Wellcome Trust sets up £400m UK regen JV

The London based charity, which has tended towards making direct property investments since 2008, has formed a joint venture to develop sites in the UK.


The Wellcome Trust, a London-based global charitable foundation with about £14.5 billion (€18 billion; $23.5 billion) of assets, has formed a joint venture with a public UK property company to develop regeneration sites.

Wellcome, which already owns a £1 billion portfolio of residential property in the UK, much of which is in London, has teamed up in the joint venture with Berkeley Group, a well-known housebuilder. The pair said in a statement that the JV called St Katherine would initially be worth up to £400 million (€463 million; $614 million). Wellcome will supply the equity to the new vehicle, while Berkeley will be akin to the operating company by sourcing the land and developing the assets.

Peter Pereira Gray, managing director of the investment division of Wellcome said in a statement: “This joint venture will have access to new, long-term, patient capital.” He added: 'We will be opportunity-led, bidding at the right time for sites that would not otherwise be viable and turning them into fantastic places. It is good news for the UK housing market.”

The JV is in keeping with Wellcome’s current approach to property investing.  It used to be an active limited partner in property funds, however, since the global financial crisis of 2008 it has tended to go direct instead. Its annual report published in December said direct property holdings accounted for more than 75 percent of its property portfolio.

In a passage about real estate investments, Wellcome noted that the difference in performance between its directly-owned assets and its fund investments “grew even more extreme” in 2011 to 2012. “We have not allocated to external property funds since 2008 and note that many of these funds have been impacted by challenging markets and management of leverage,” it stated.

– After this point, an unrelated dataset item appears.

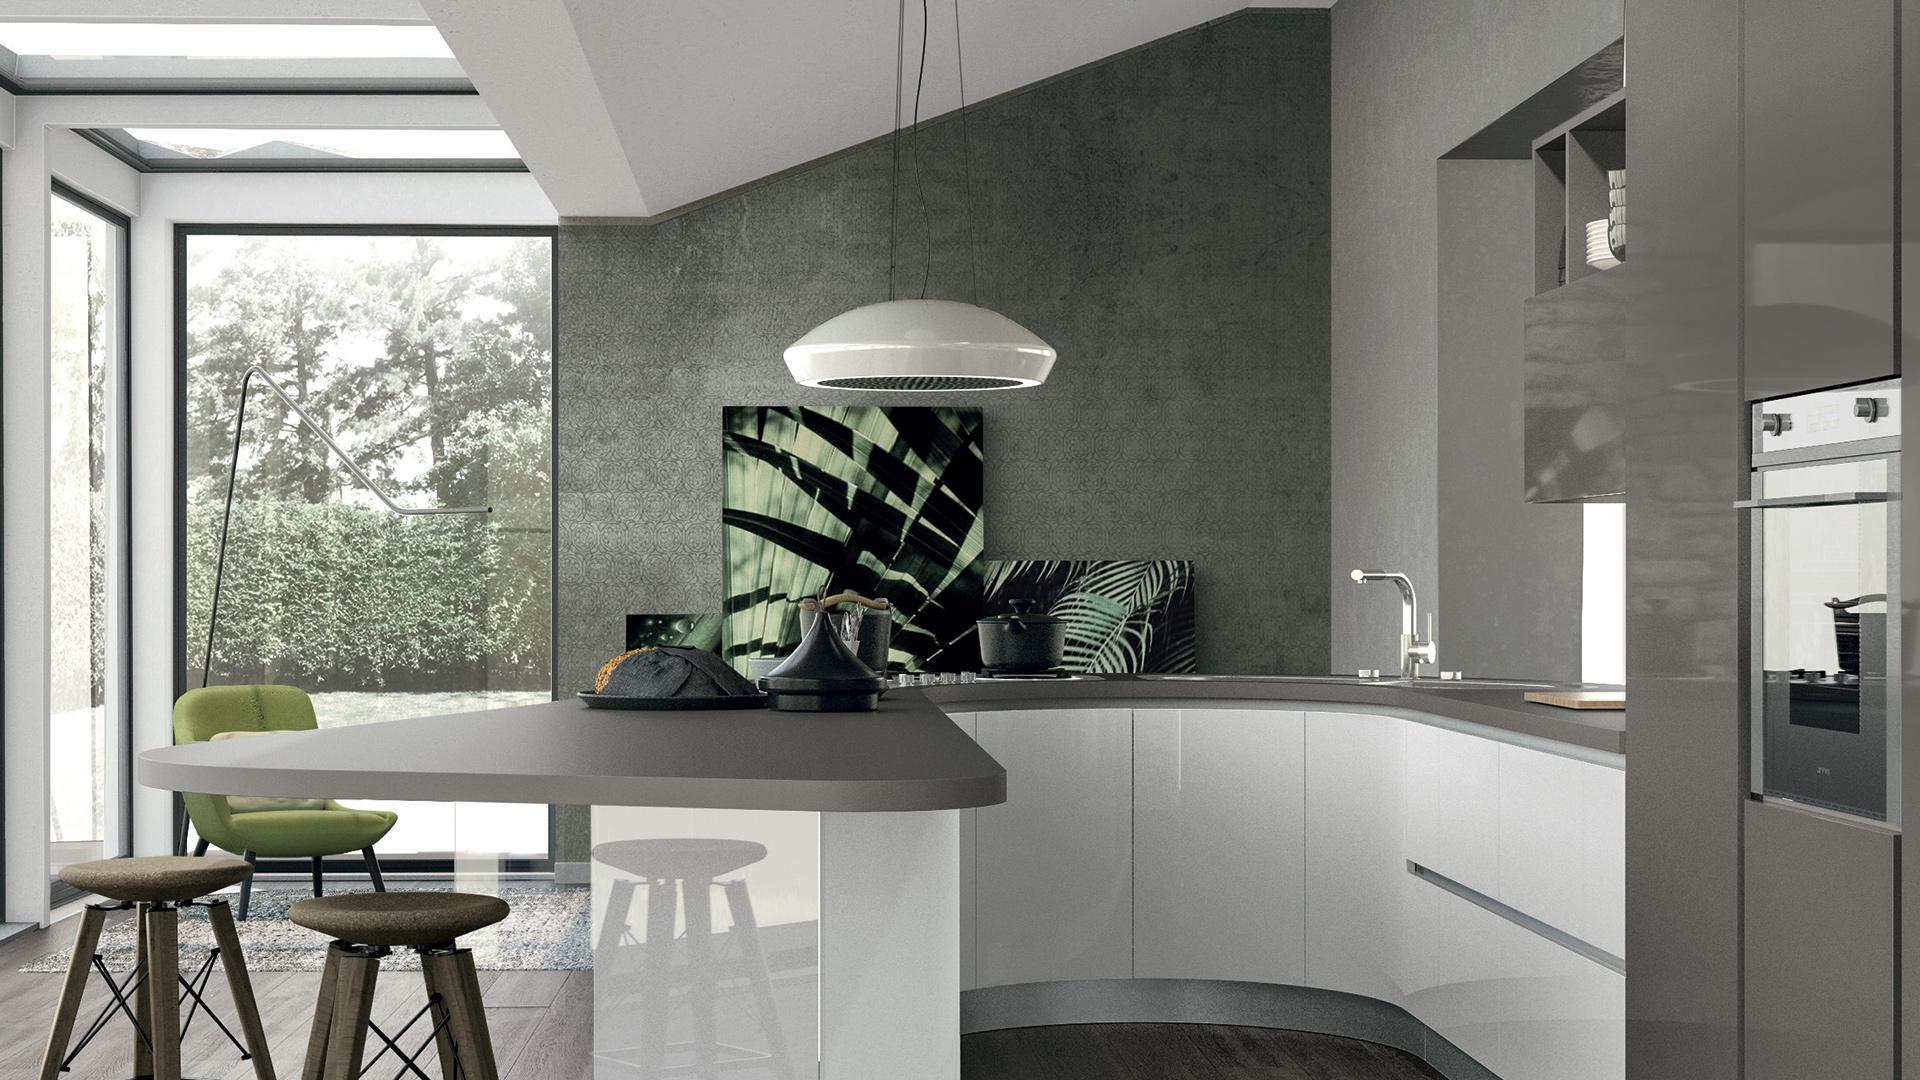 le nuove cucine moderne - lube store milano - le cucine lube ... - Quanto Costa Una Cucina Lube

“Across much of Europe, including the UK, excessive lending by banks to real estate and excessive borrowing by owners was the major cause of the financial crisis and remains largely unresolved. Banks have become active in disposing of their non-domestic real estate interests, but zero interest rates have enabled them to extend domestic loans even where the value of loans significantly exceeds asset values.”

The Wellcome Trust’s residential investment portfolio, which includes a large estate in Kensington, west London, was the star performer of the investor’s portfolio. It returned 18 percent in the latest financial year. Over 10 years, the residential portfolio has returned 274 percent, while direct commercial investments have returned 264 percent.